:: Data ::

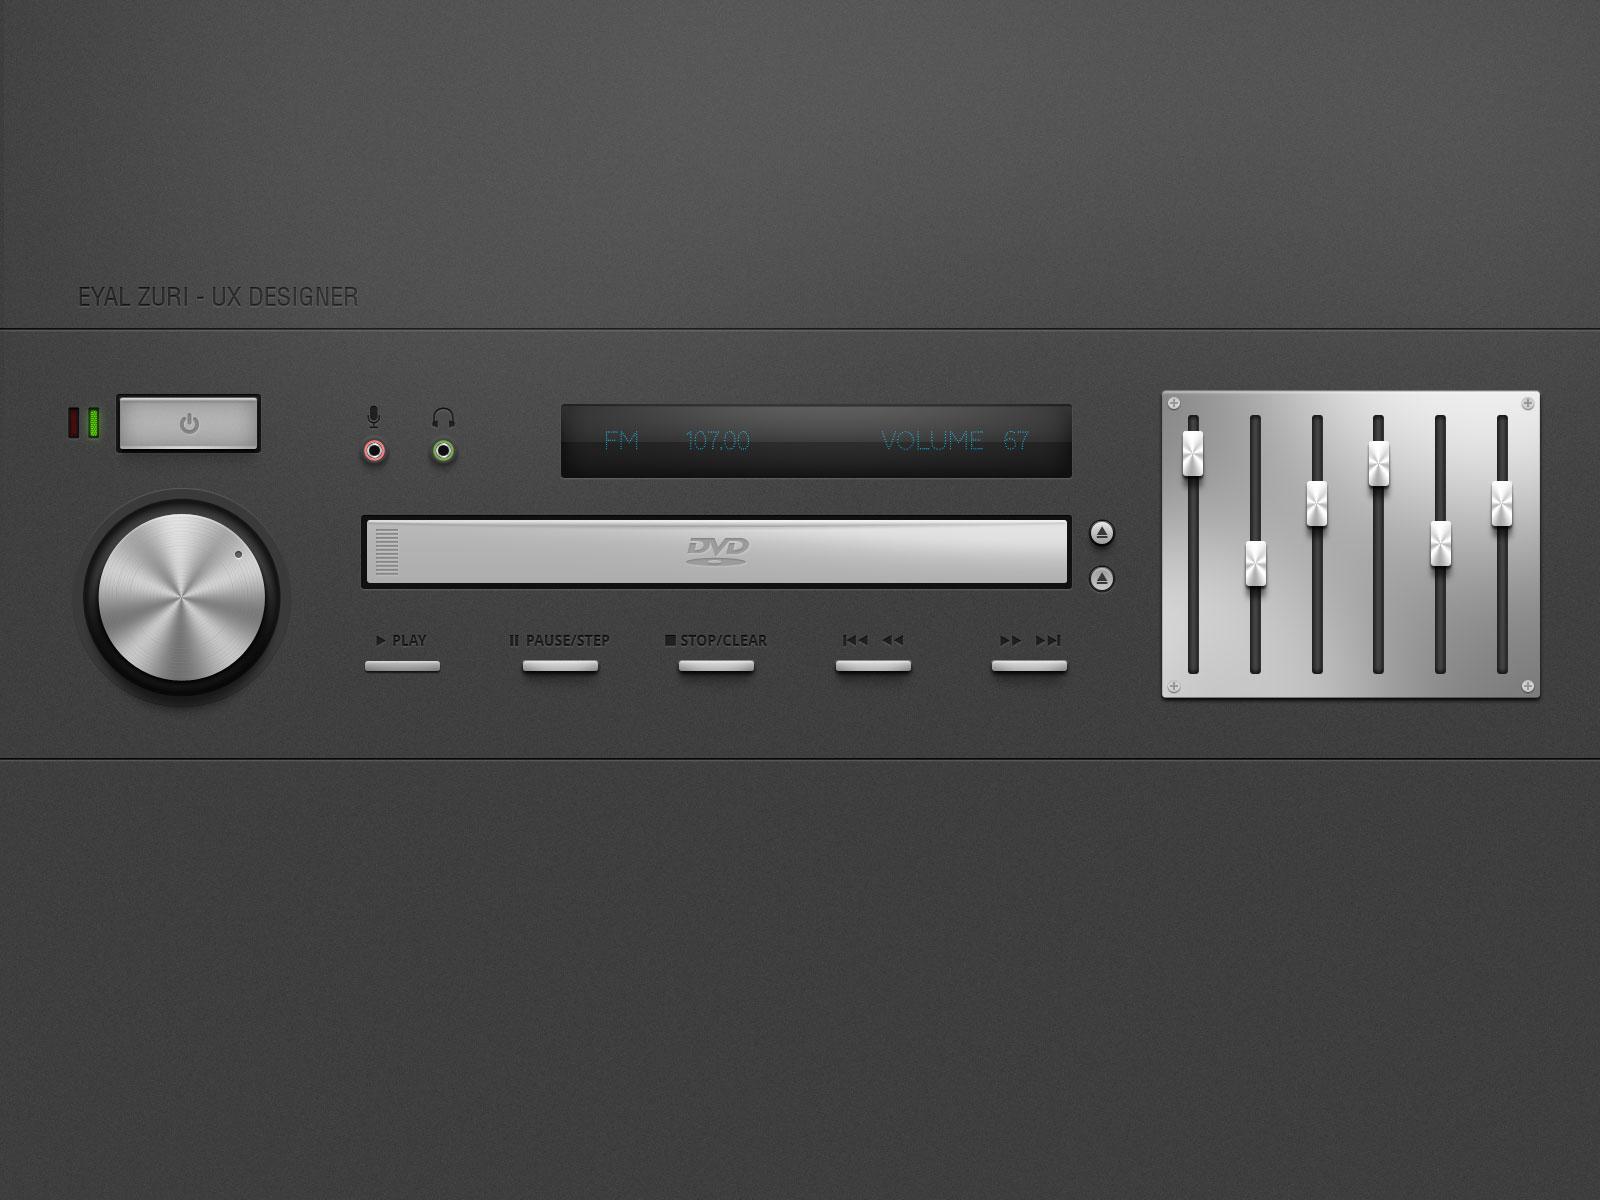 DVD Player Panel Knobs Equalizer PSD Mockup
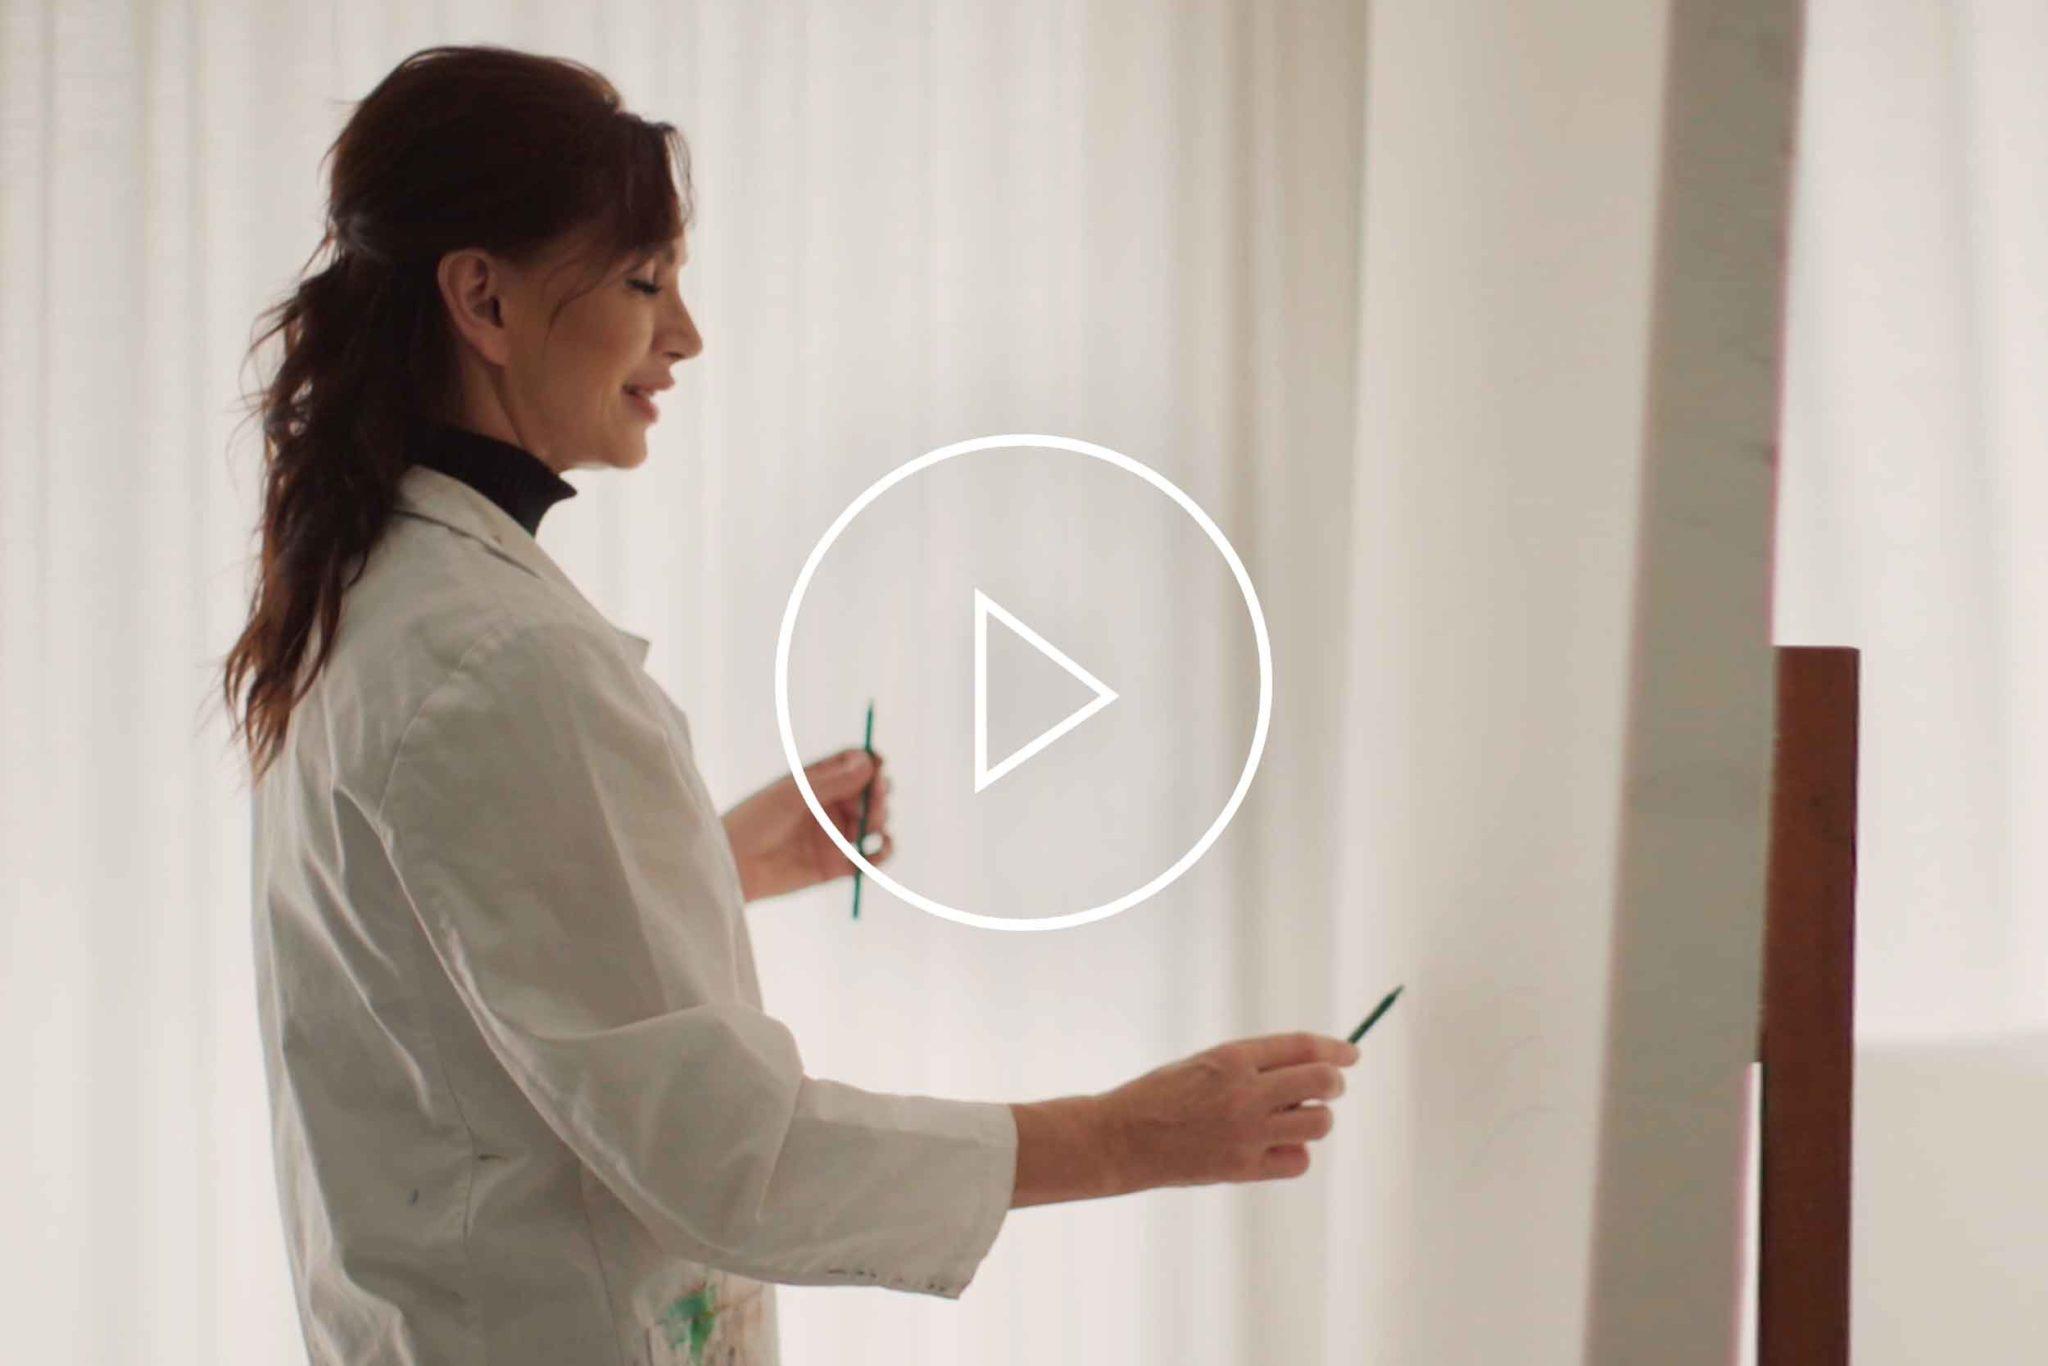 La Galleria Cornelia Hagmann Silk Scarves Story Movie 2020 Cornelia Painting, Seidenschal, sciarpa di seta, foulard soie,
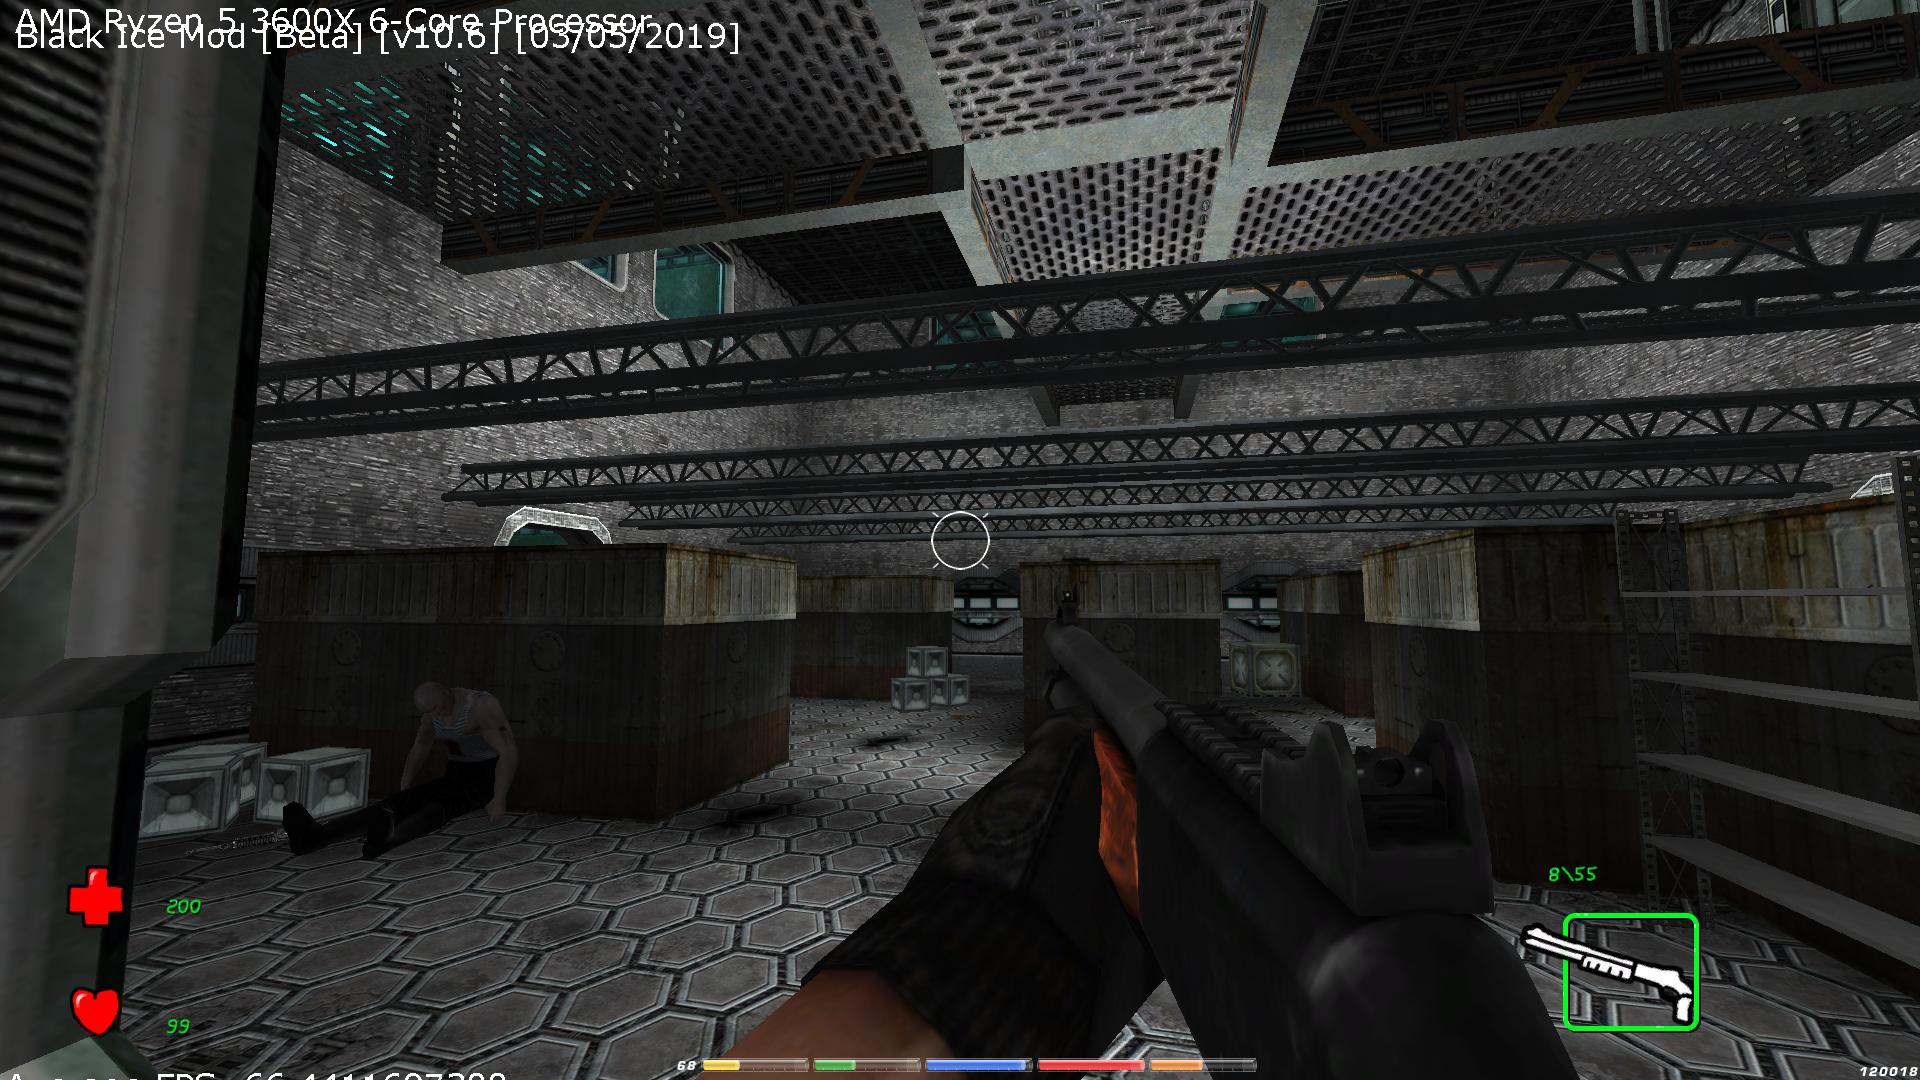 FPSC Game 2020 03 13 20 04 20

:::

Print every line of the data exactly. Pictures do not belong in the copy.

 DVD Player Panel Knobs Equalizer PSD Mockup
 La Galleria Cornelia Hagmann Silk Scarves Story Movie 2020 Cornelia Painting, Seidenschal, sciarpa di seta, foulard soie,
 FPSC Game 2020 03 13 20 04 20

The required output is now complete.